Dear Stavros and all the others interested in evaluation rules:
This reminds me a lot of our old discussion on evaluation rules...
http://www.ma.utexas.edu/pipermail/maxima/2002/003101.html
http://www.ma.utexas.edu/pipermail/maxima/2002/003107.html
http://www.ma.utexas.edu/pipermail/maxima/2002/003108.html
and some other things in the same thread
Consider the following:
(C3) [sum(2^x,x,0,3),sum(2^x,x,0,inf)],x:3;
(D3) [15,'SUM(2^x,x,0,INF)]
seems consistent to me.
(C4) [sum(z,z,0,3),sum(z,z,0,inf)],z:y^k;
(D4) [6,'SUM(z,z,0,INF)]
OK.
(C5) [sum(z,k,0,3),sum(z,k,0,inf)],z:y^k;
(D5) [4*y^k,'SUM(y^k,k,0,INF)]
With your proposal, this would become
(D5') [1+y+y^2+y^3,...]
But is D4 and D5' consistent? To me, D3 and D4 suggest that the first arg
is *not* evaluated, however, in this case I'd rather expect sum(z,k,0,inf)
to give INF.
After some more testing, it seems that - at the moment - the first
argument is evaluated only *after* simplification of the sum took place!
Probably we want to change this.
So what I'm saying is that not sum(z,k,0,3),z:y^k is inconsistent with the
rest of sum but rather sum(z,k,0,inf),z:y^k.
I find it interesting that integrate behaves differently with respect to
the second arg also - maybe this behaviour is not so bad, because it makes
it clearer what's happening:
(C6) integrate(x,x,0,5),x:1;
Variable of integration not a variable: 1
(C7) integrate(z,z,0,3),z:y^k;
Improper variable of integration: y^k
(C8) (x:2,integrate('x,'x,0,2));
(D8) 2
(C9) (x:2,integrate(x,'x,0,2));
(D9) 4
What I didn't expect, though:
(C10) integrate(x,'x,0,2),x:2;
Variable of integration not a variable: 2
Apart of the error resulting from (C10), this makes situations as (C3) and
(C4) impossible. Am I right that integrate simply evaluates all arguments
before doing anything else? (tracing seems to confirm this)
I cannot see a reason for evaluating the first arg >> with the summation
variable bound to itself <<, it seems to me that this makes the evaluation
rules unnessecarily complicated!
Martin
> Consider
>
> foo: i^2;
>
> sum('foo,i,0,2) => 3*foo (correct)
> sum(foo,i,0,2) => 3*i^2 WRONG
> sum(foo,i,0,n) => 'sum(i^2,i,0,n) (correct)
>
> In the case where upperlimit-lowerlimit is a known
> integer, simpsum is checking whether foo is free of i
> *before* evaluating foo.
>
> I believe the correct way to handle this case is as
> follows: First evaluate foo with i bound to itself, and
> check if that result is free of i. If so, return the product.
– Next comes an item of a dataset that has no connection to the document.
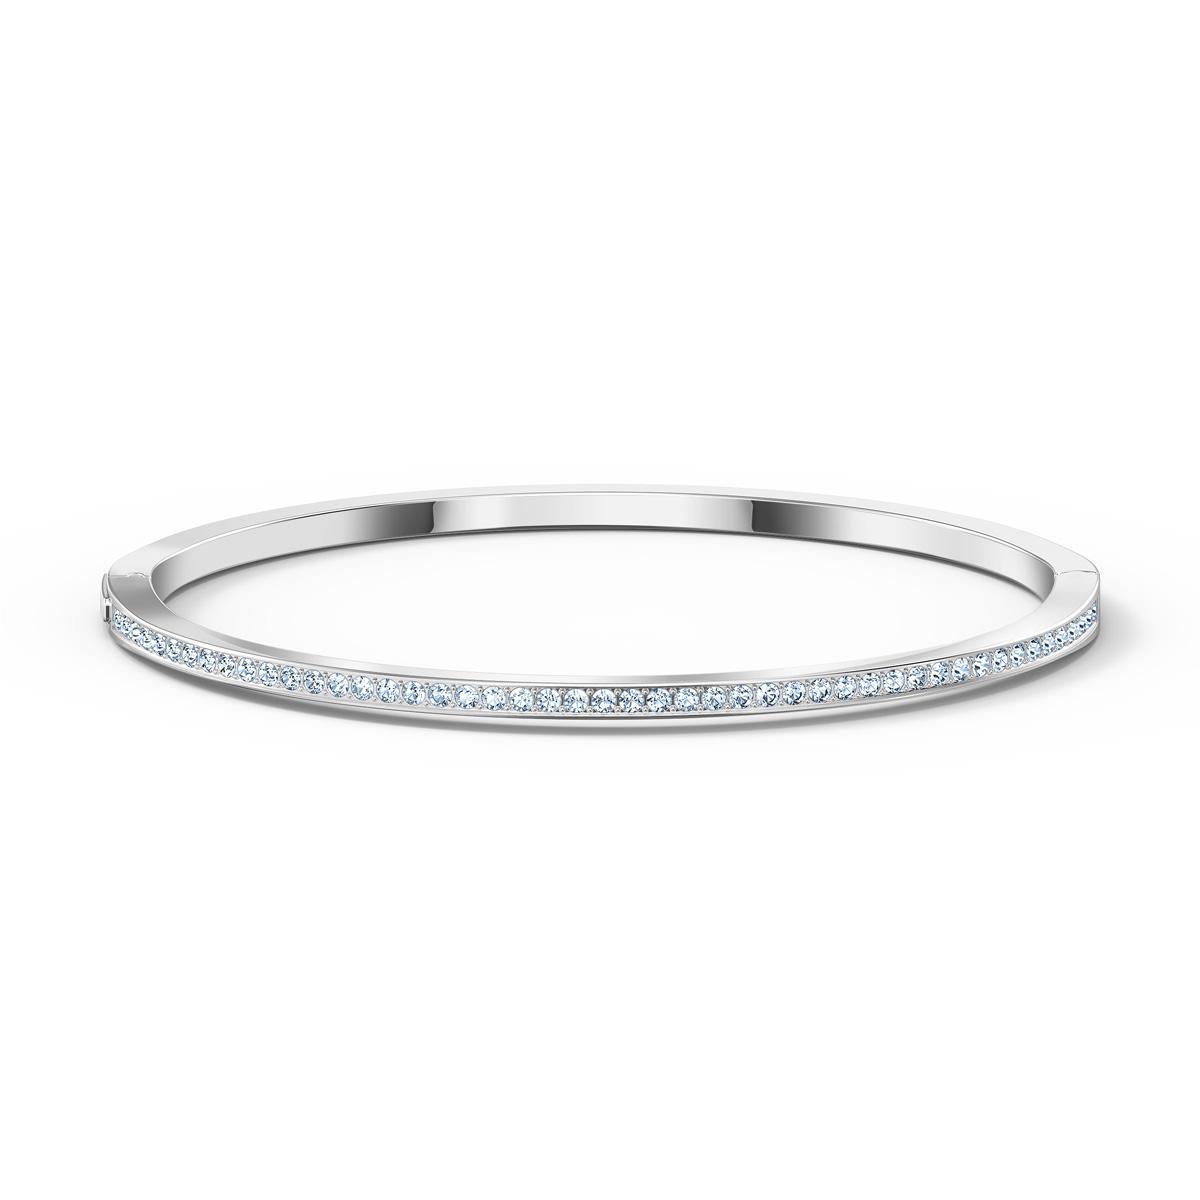 Swarovski Rare Bangle Bracelet, White, Rhodium Plated
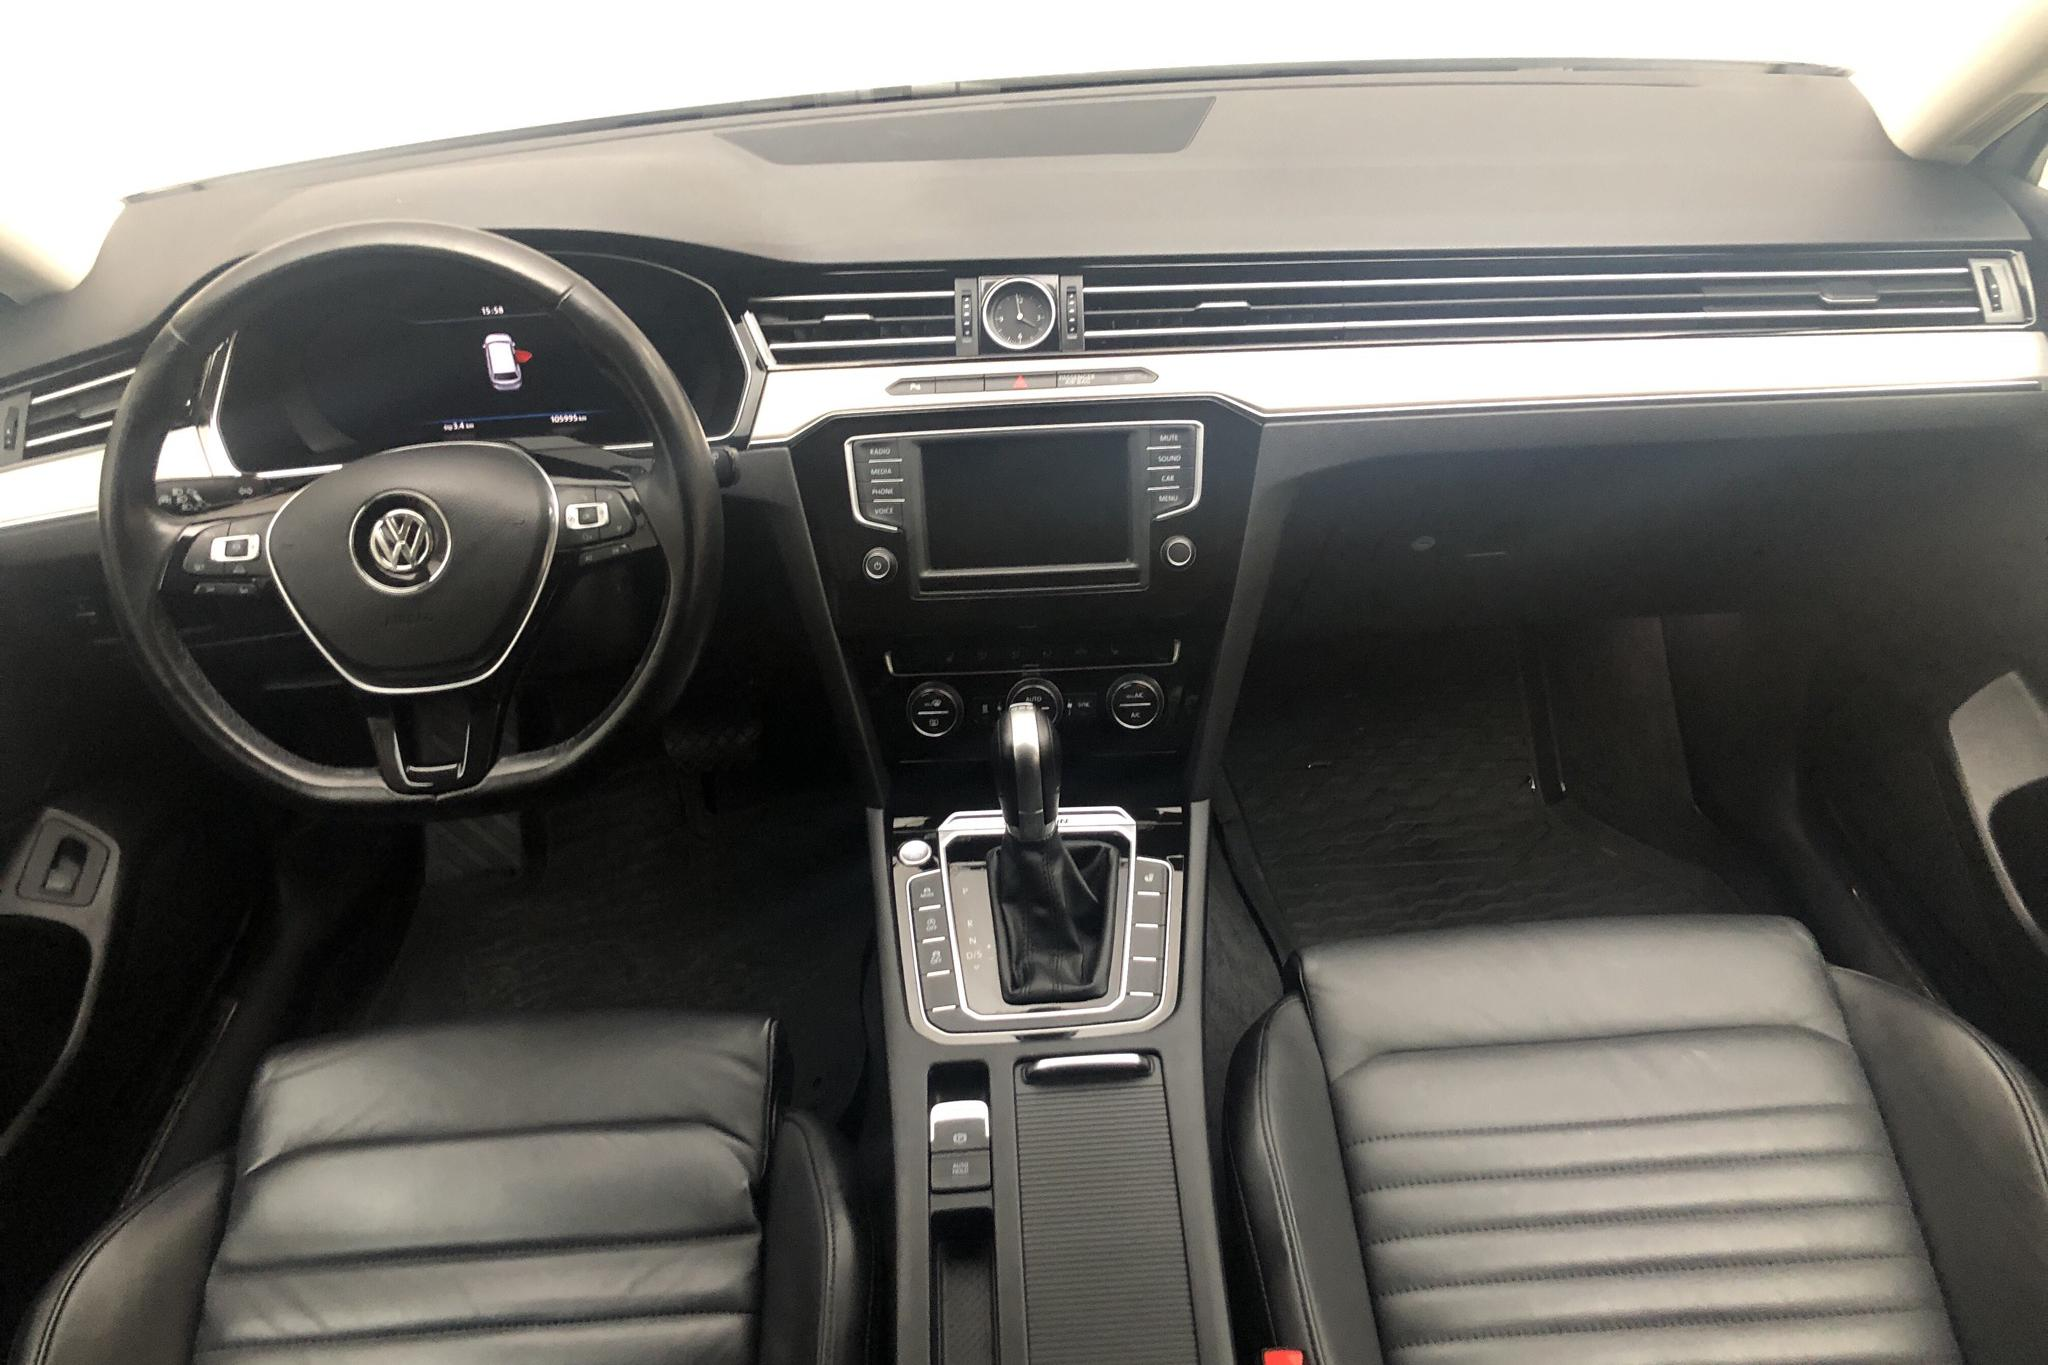 VW Passat 2.0 TDI Sportscombi 4MOTION (190hk) - 105 990 km - Automatic - white - 2017

> If not, *substitute* (don't evaluate) i=lowerlimit,
> i=lowerlimit+1, etc.
>
> This means that sum(print(i),i,1,2) would print "i", and
> not "1 2". That makes it consistent with Integrate:
>
> integrate('foo,i,0,2) => 2*foo (correct)
> integrate(foo,i,0,2) => 8/3 (correct)
> integrate(foo,i,0,n) => n^3/3 (correct)
>
> It also makes it consistent with Integrate in the
> presence of side-effects:
>
> integrate(print(i),i,0,1) prints i
> sum(print(i),i,0,1)
> currently prints 0 1
> but in this proposal would print i
>
> It is true that it would also create some funny situations.
>
> Currently,
>
> sum(integrate(x^i,x),i,0,2)
>
> evaluates correctly to x+x^2/2+x^3/3. Under this
> proposal, it would also evaluate *correctly*, but would
> first ask whether i+1 is zero or nonzero. Unless, that is,
> simpsum binds i to be an integer and to have a value
> >=lowerlimit and <=upperlimit (which is a sensible thing
> to do anyway).
>
> Now consider
>
> sum(integrate(1/(x^i+1),i),i,0,1)
>
> This currently correctly evaluates to x/2+log(x+1).
> Under the proposal, however, it would evaluate to a sum
> of noun forms, since the integral does not exist in
> closed form. I think we can live with that; an ev
> (...,integrate) takes care of it.
>
> But I still like the proposal. After all, if you set the result
> of the integration expression above to a temporary
> variable (which seems like a sensible thing to do), you
> will run into the original bad behavior.